Much of the time I have a typical American optimism, believing that things will turn out for the best, but I think much of my early relationship with DH was riddled with worry: we're so young, he seems so certain while I'm not. Honestly, he was ready to marry long before I was. But he was patient. When he finally proposed - a sweet surprise - I was excited about marrying him, but I was also nervous and occasionally terrified through the planning process. I'm still not entirely sure what it was, but I do know some things that it wasn't.

It wasn't about foregoing all my other options, because he's certainly everything I want in a man: hilarious, brilliant, strong, good with power tools and kittens and children. He's a skilled writer and a good singer and a great hugger. He has the best laugh, and great facial hair, and beautiful eyes. He is a keeper, in every way.

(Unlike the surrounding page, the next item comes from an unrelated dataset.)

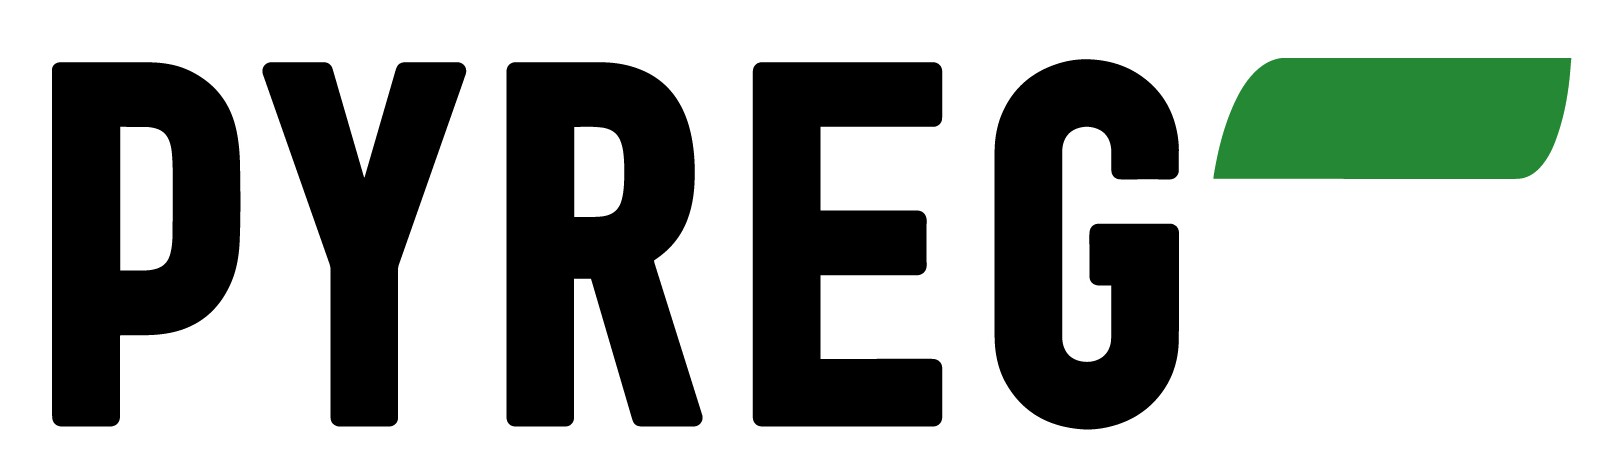 PYREG logo 2023

It wasn't worry about my in-laws, though I occasionally did fret that I was getting "too close" to them. They had welcomed me into the family long before the wedding - which had made me nervous, too, but which I now know is kind of silly. They're just welcoming like that. And they knew, before I did, how this relationship would work out.

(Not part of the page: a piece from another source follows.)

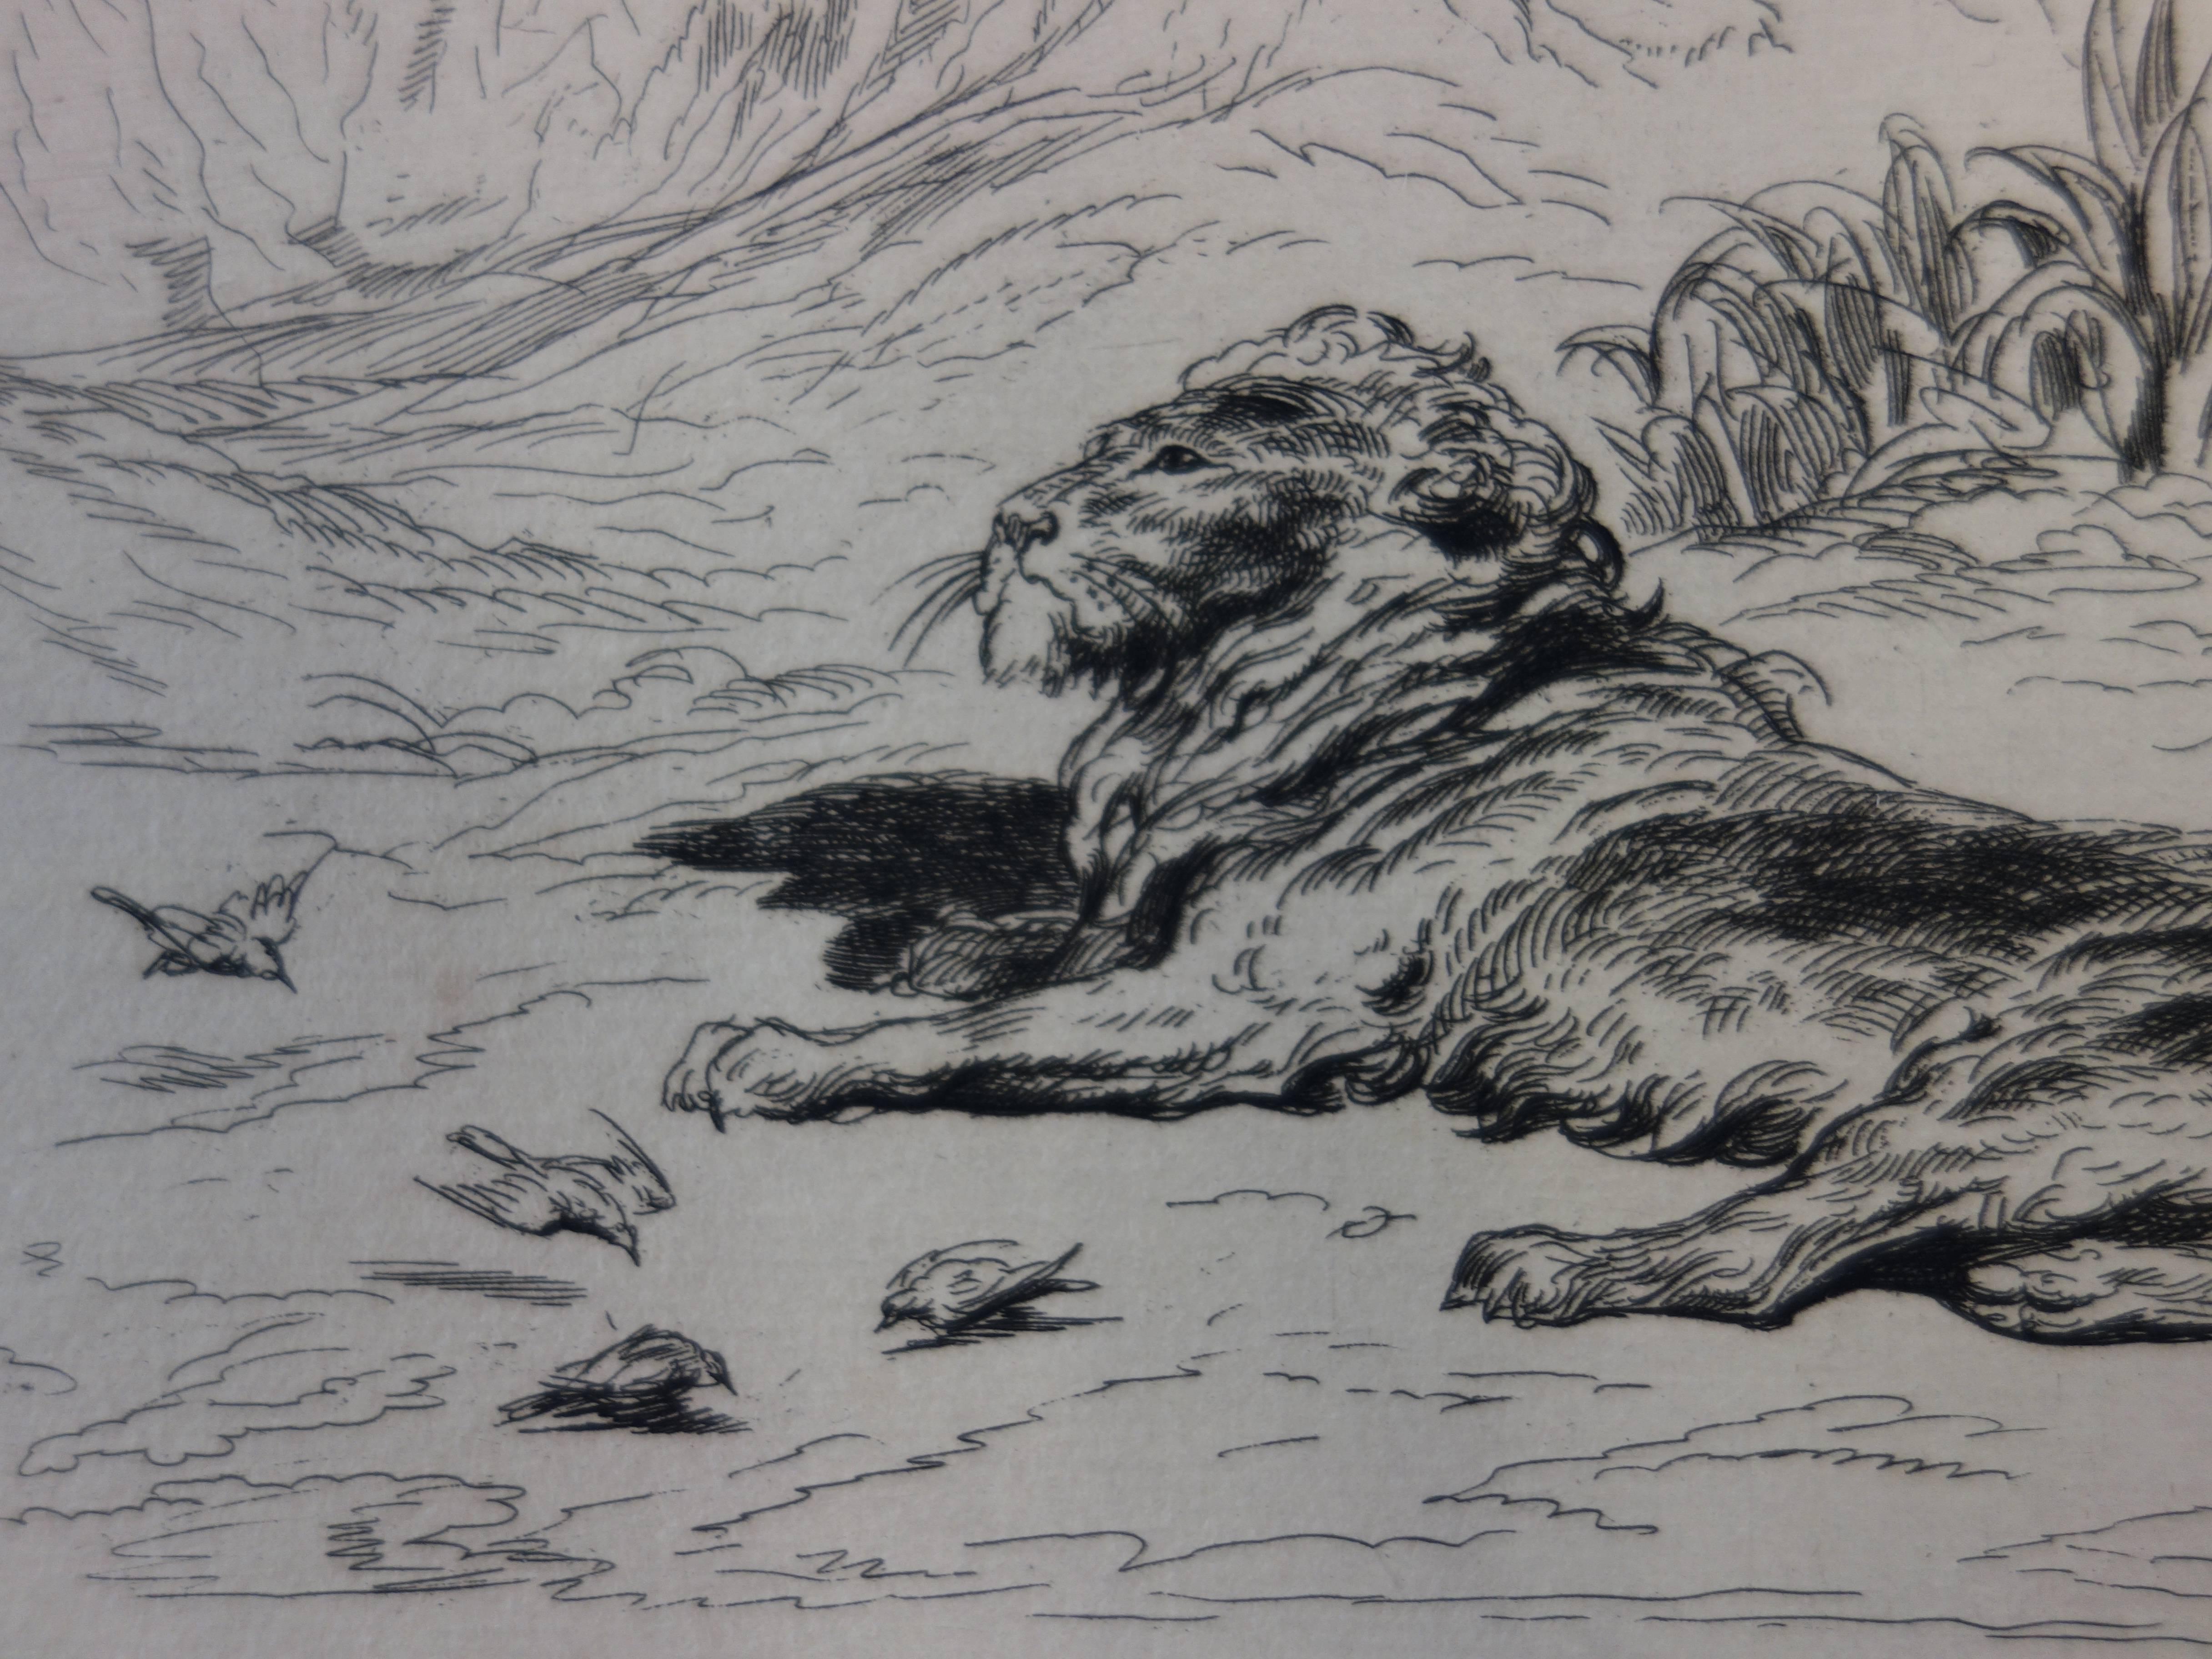 Reclining Lion - Original etching - Gray Animal Print by Gustave Doré

So many things about marriage, about joining families, about the wedding, had made me nervous. I am a usually confident person who was plunged into the weird role of "bride-to-be" and became an anxious, fretting mess. Looking back I realize I'm just not bride material. The constant attention, the many parties, the plans that had to include everyone - it was a tiring process and even though I tried to stay calm and be rational about it, I cried plenty of times. I got into arguments with people I love. I cared about the wrong things and dismissed other things I shouldn't have.

But that morning, in the shower, I think the enormity of the moment was in part a realization that the planning is over, the fights are finished, the dresses bought, the cake decorated. The priest was checking over the liturgy. The musicians were warming up. All that was left, really, was to spend the day as it was planned. And that plan involved pledging my life to the best man I'd met. In that moment every fiber of my being told me that this was correct. I may have chosen stupid bridesmaid dresses (and I did) but I chose the right groom. Or he chose me. I suppose we had chosen each other, many times, by that point. We still do.

I was not a good bride. There are skills that brides need: grace, and a certain comfort with the spotlight in a time that is both intensely personal and very public. I didn't have a lot of those skills. But I was a bride for a short time, and we muddled through. At roughly 4:30 that day I became a wife. It was a change I welcomed. I was happy to shed the title of "bride". I felt I'd carried it too long, and too awkwardly.

This was the big surprise: I'm comfortable and happy with being a wife - at least, I'm great with being DH's wife. And he's excellent at being my husband. The words "husband" and "wife" sounded foreign to both of us initially, but the roles didn't take much getting used to. When the fanfare ended and the honeymoon was over and we started settling in to our first little apartment, we both marveled at how natural this was, living together and sharing the small decisions of life. The suddenly-blinding certainty I'd felt on the morning of our wedding has calmed down - for which I'm grateful, as I'd never get anything done if I was fainting all the time - but it hasn't dissipated. If anything, after 4 years and a career change and grad school and moving and adopting a cat and traveling and worrying about money and eating pizza on tired weeknights and arguing over dishes and everything that comes with sharing a life together, that certainty has become more solid. It was enormous when it struck me, because what we share is huge. But we have the rest of our lives for it to play out. For this I am more grateful than I can say.

Happy anniversary, DH. You're my favorite.